= ASSIGNMENT =
Would you transcribe only the lines below, from the one containing "KENNETH COLE NEW" through the end of the material, exactly and with no pictures?

= DATA =
****************
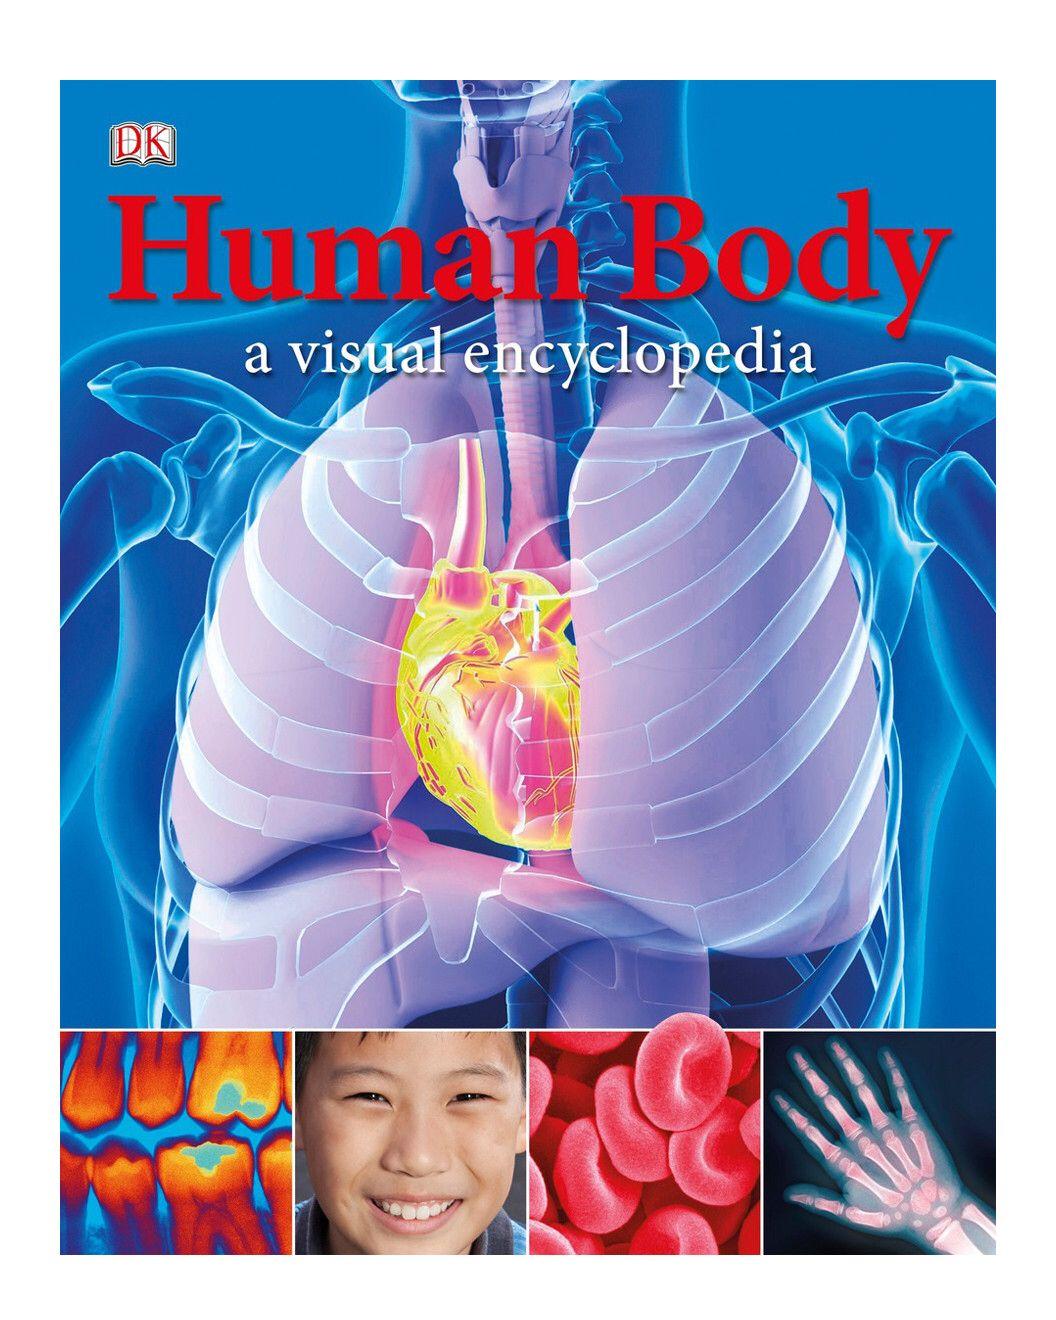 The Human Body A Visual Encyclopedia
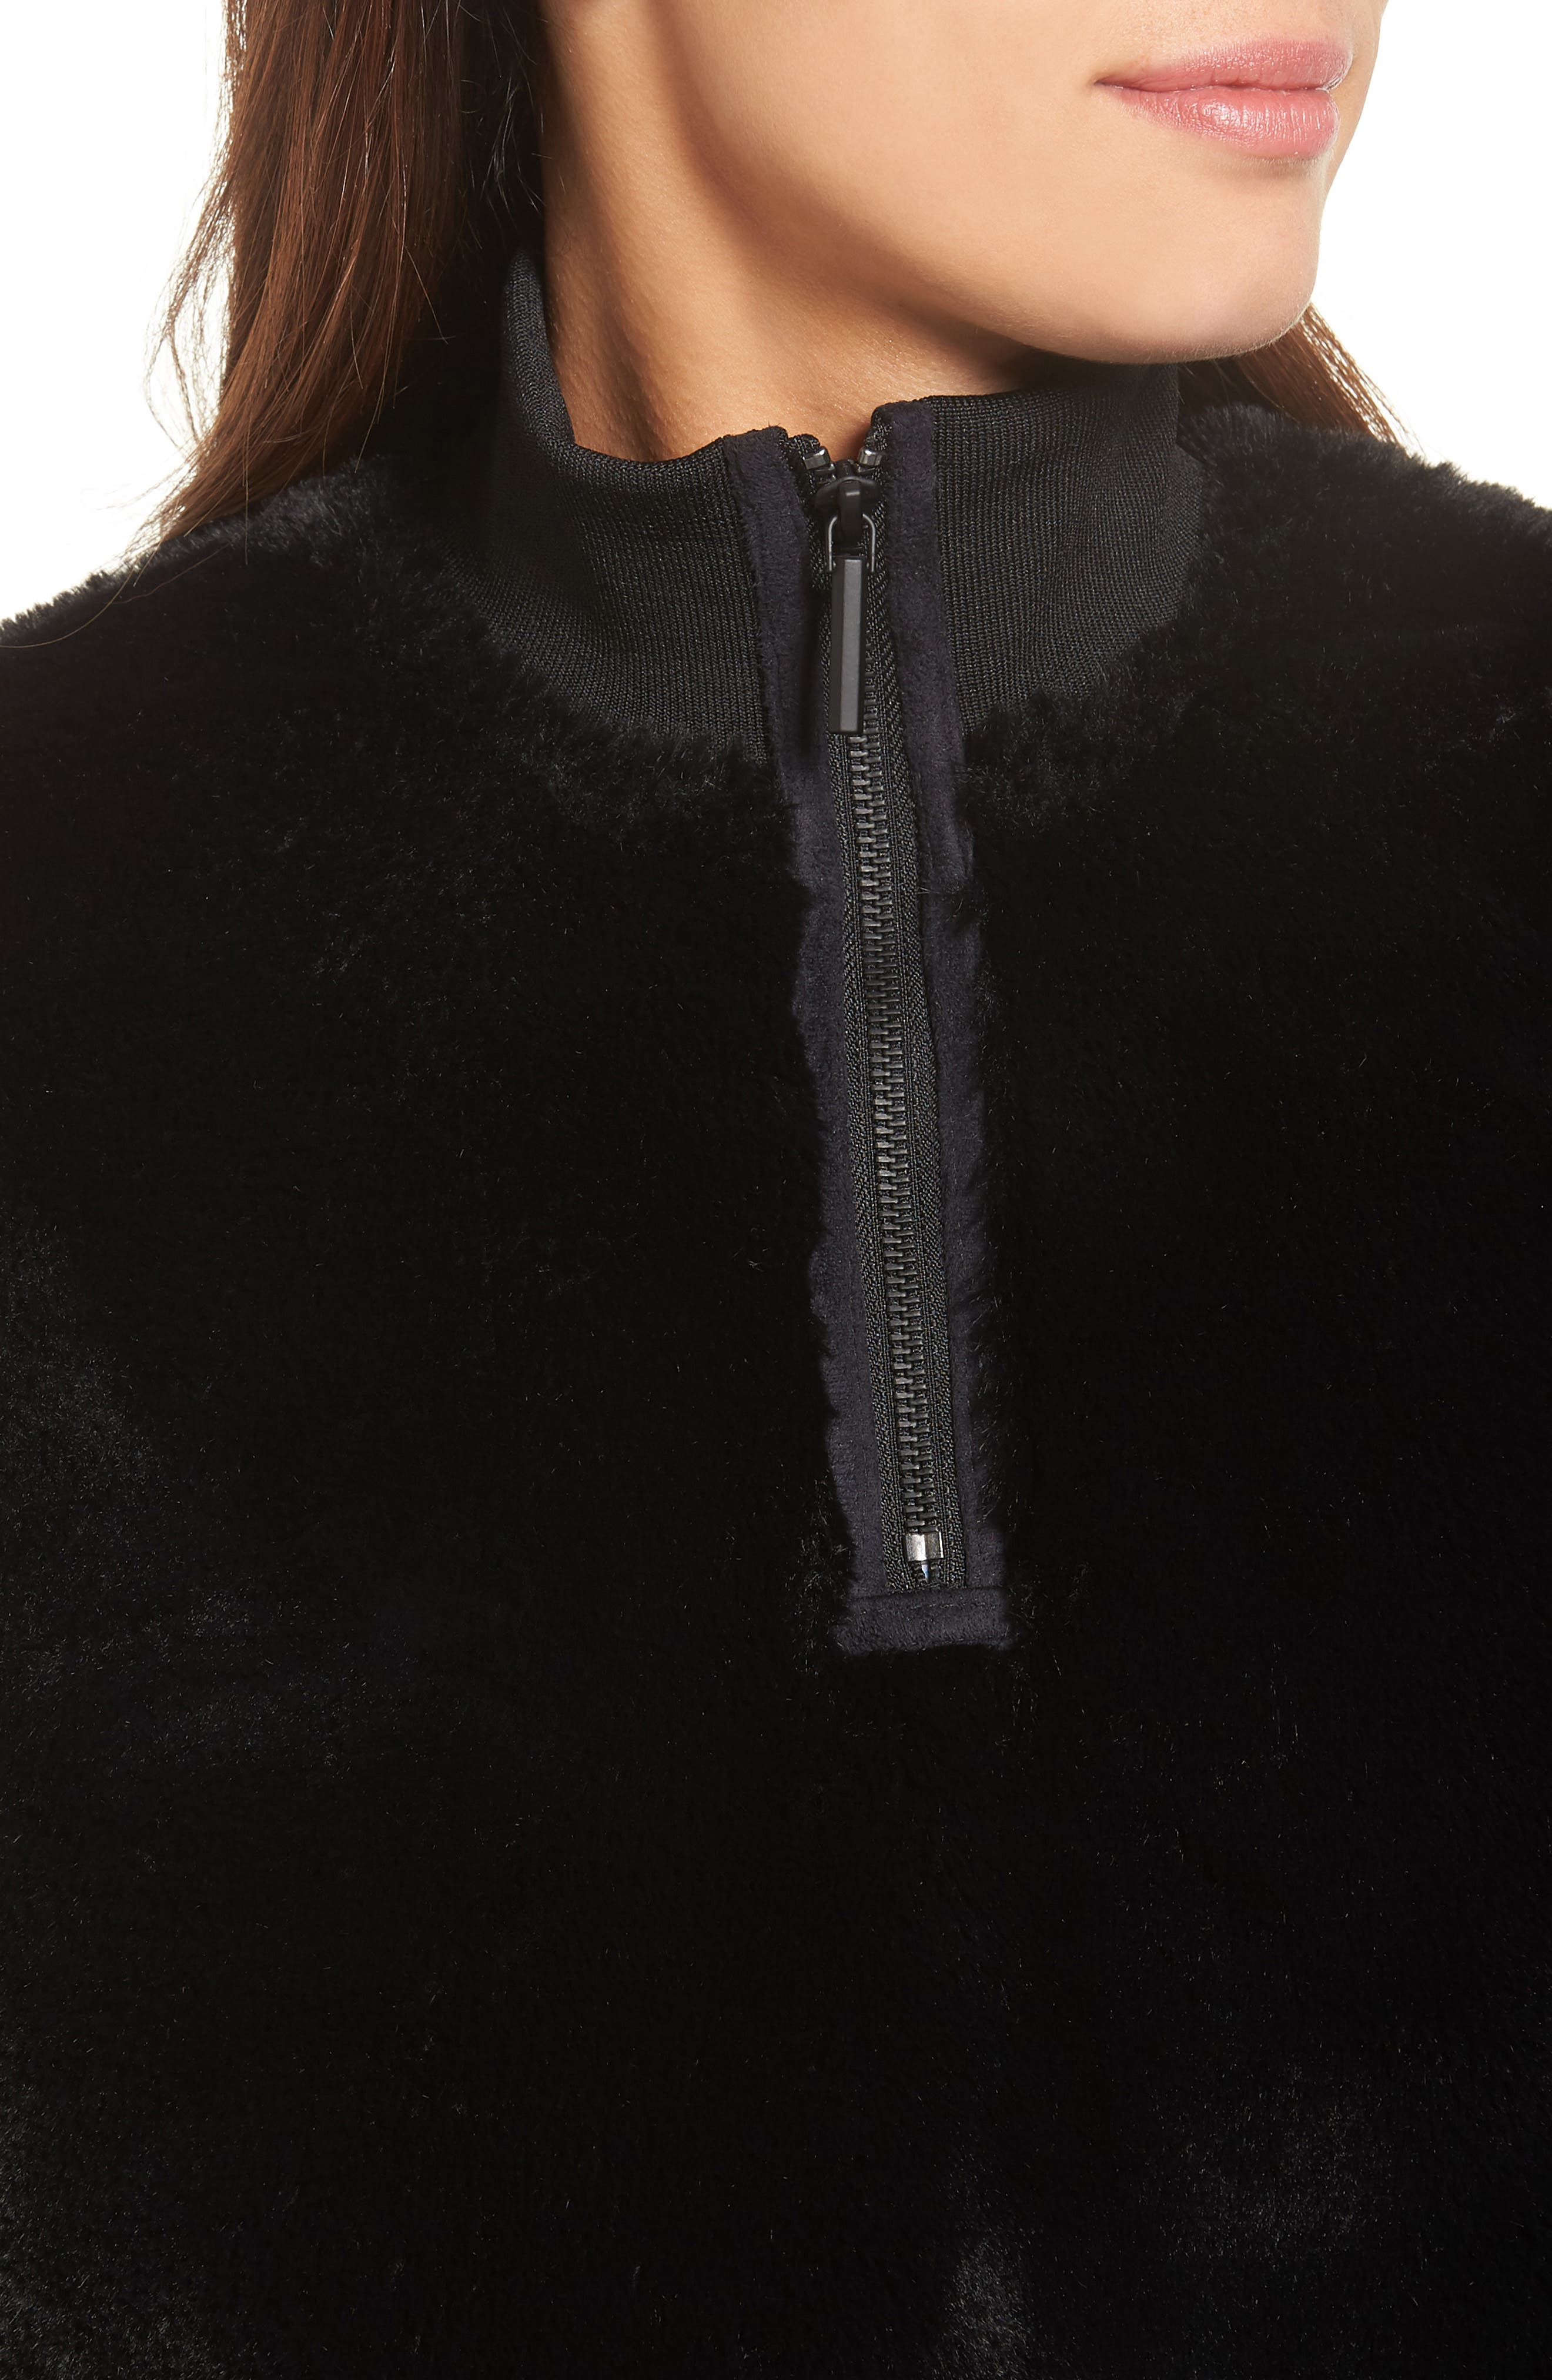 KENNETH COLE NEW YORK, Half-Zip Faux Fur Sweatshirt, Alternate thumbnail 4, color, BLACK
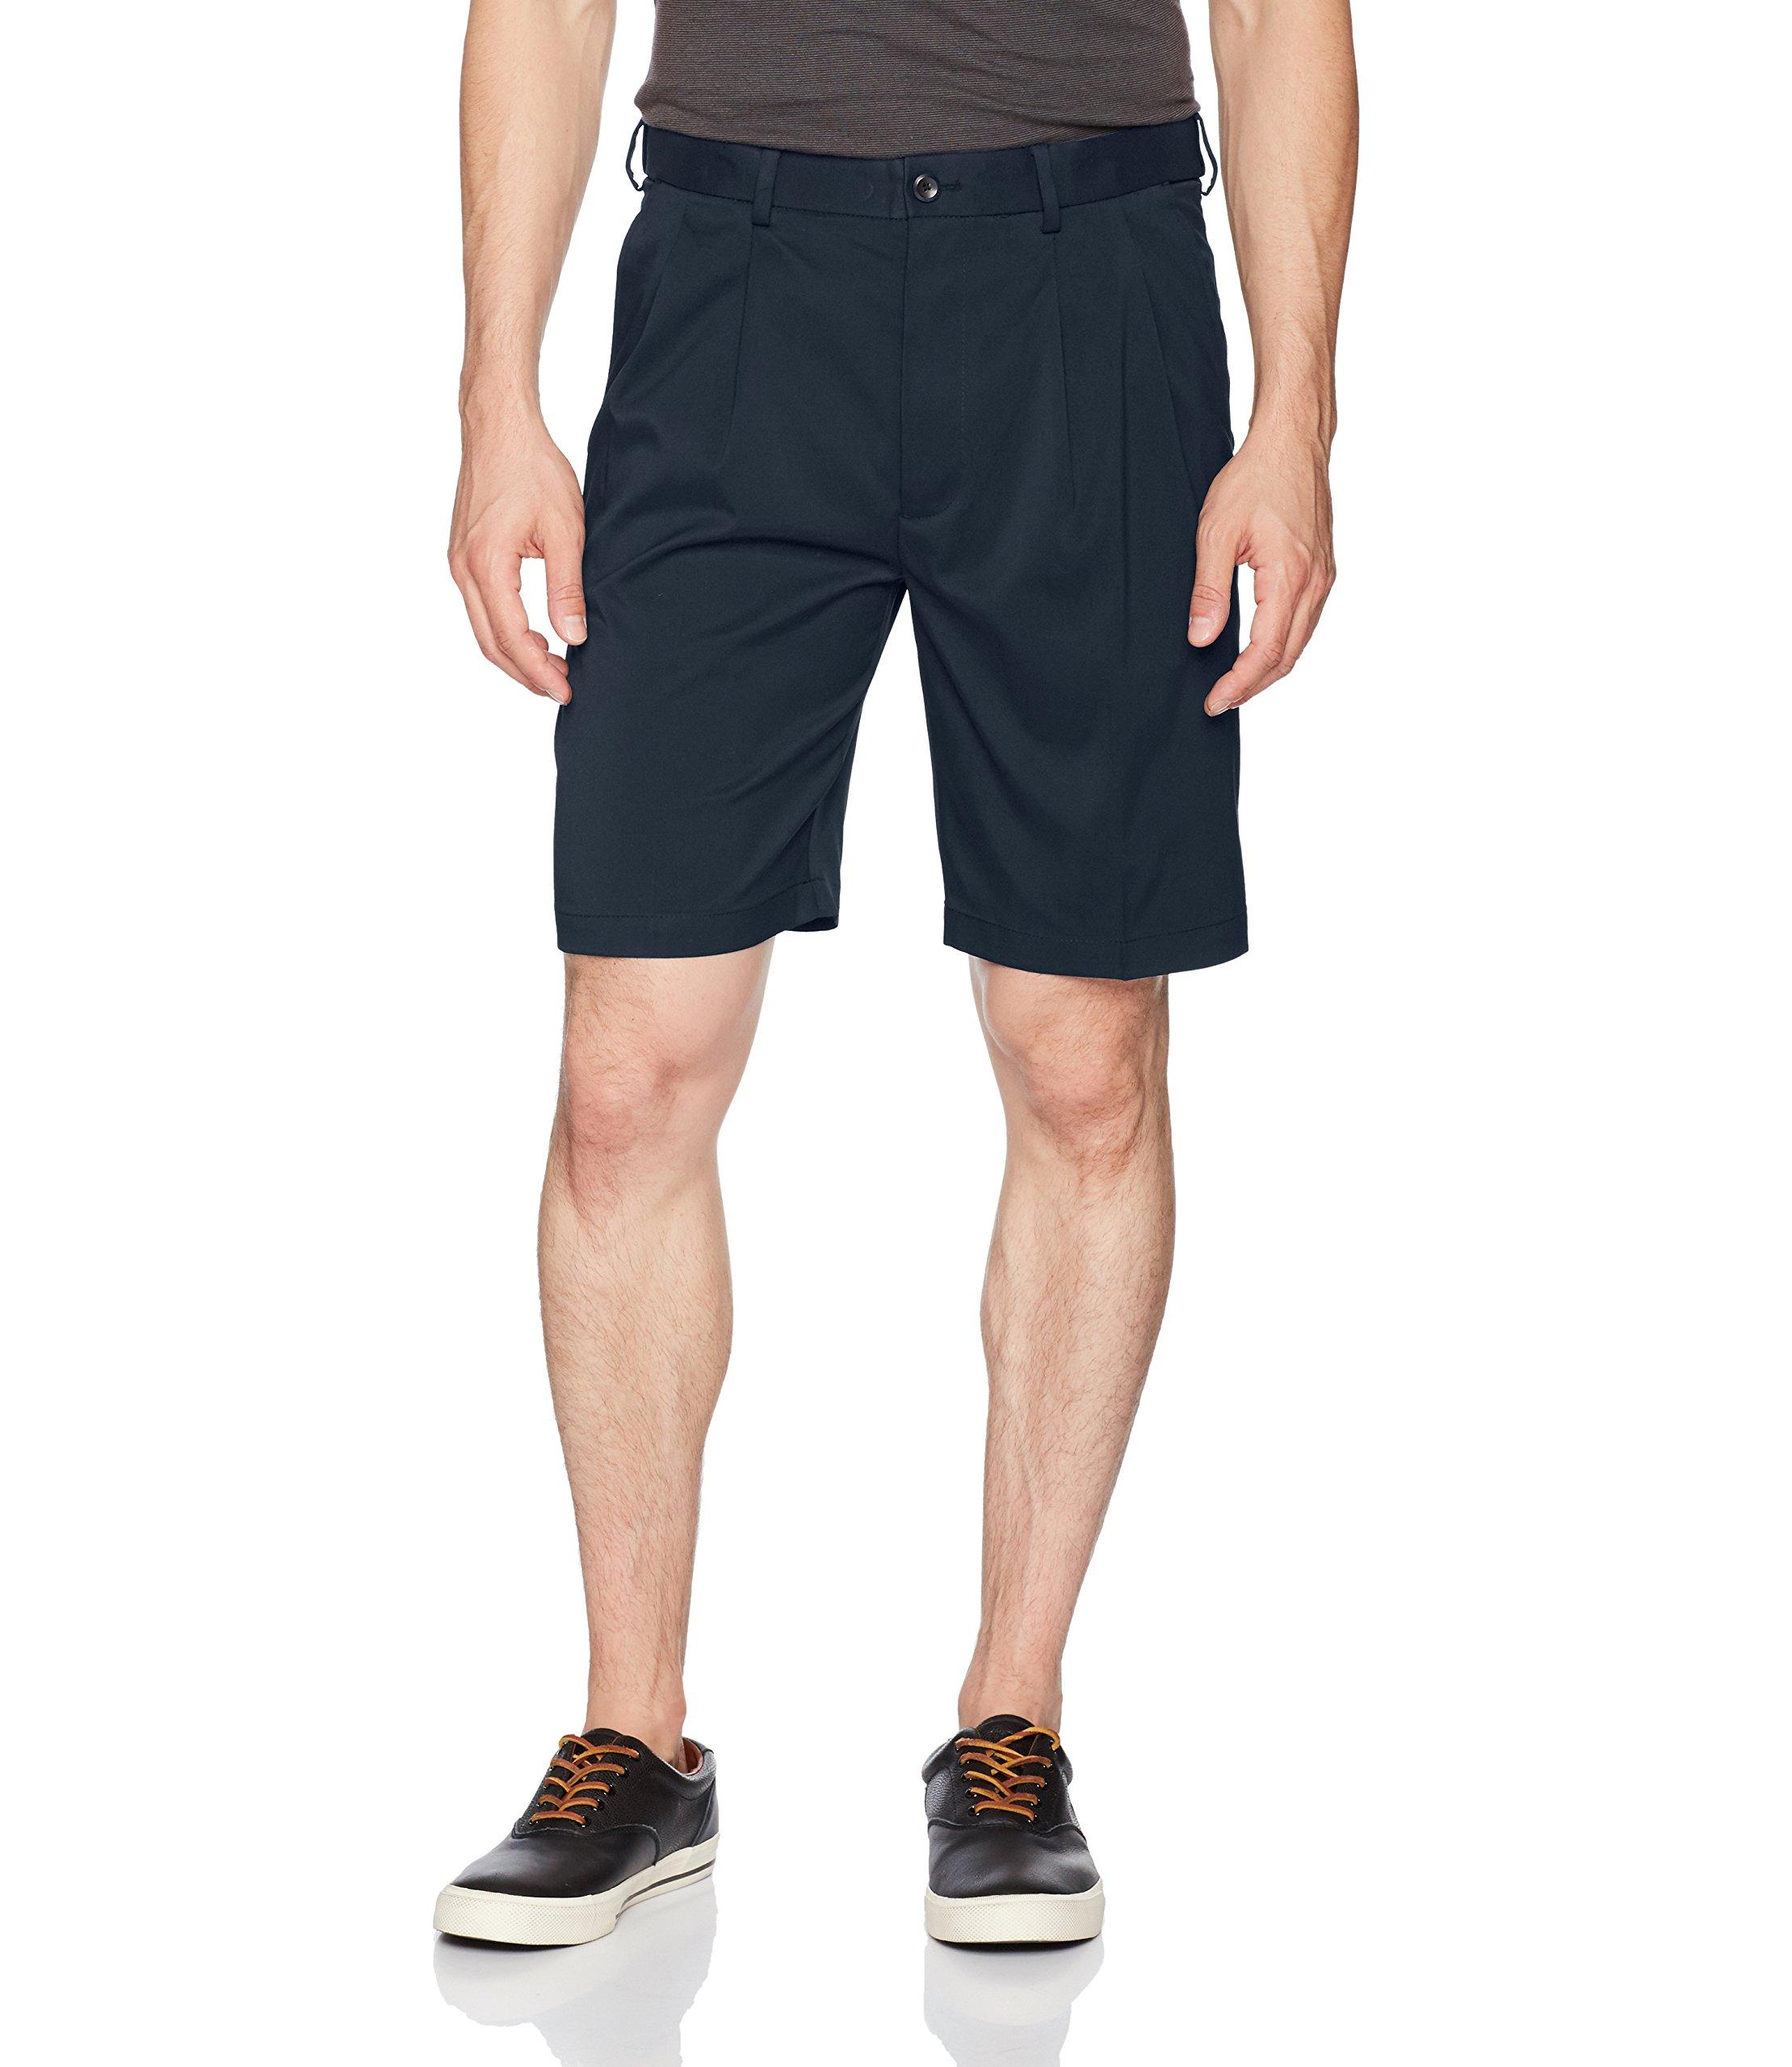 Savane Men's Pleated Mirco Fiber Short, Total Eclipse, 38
****************
= YOUR SOLUTION =
 KENNETH COLE NEW YORK, Half-Zip Faux Fur Sweatshirt, Alternate thumbnail 4, color, BLACK
 Savane Men's Pleated Mirco Fiber Short, Total Eclipse, 38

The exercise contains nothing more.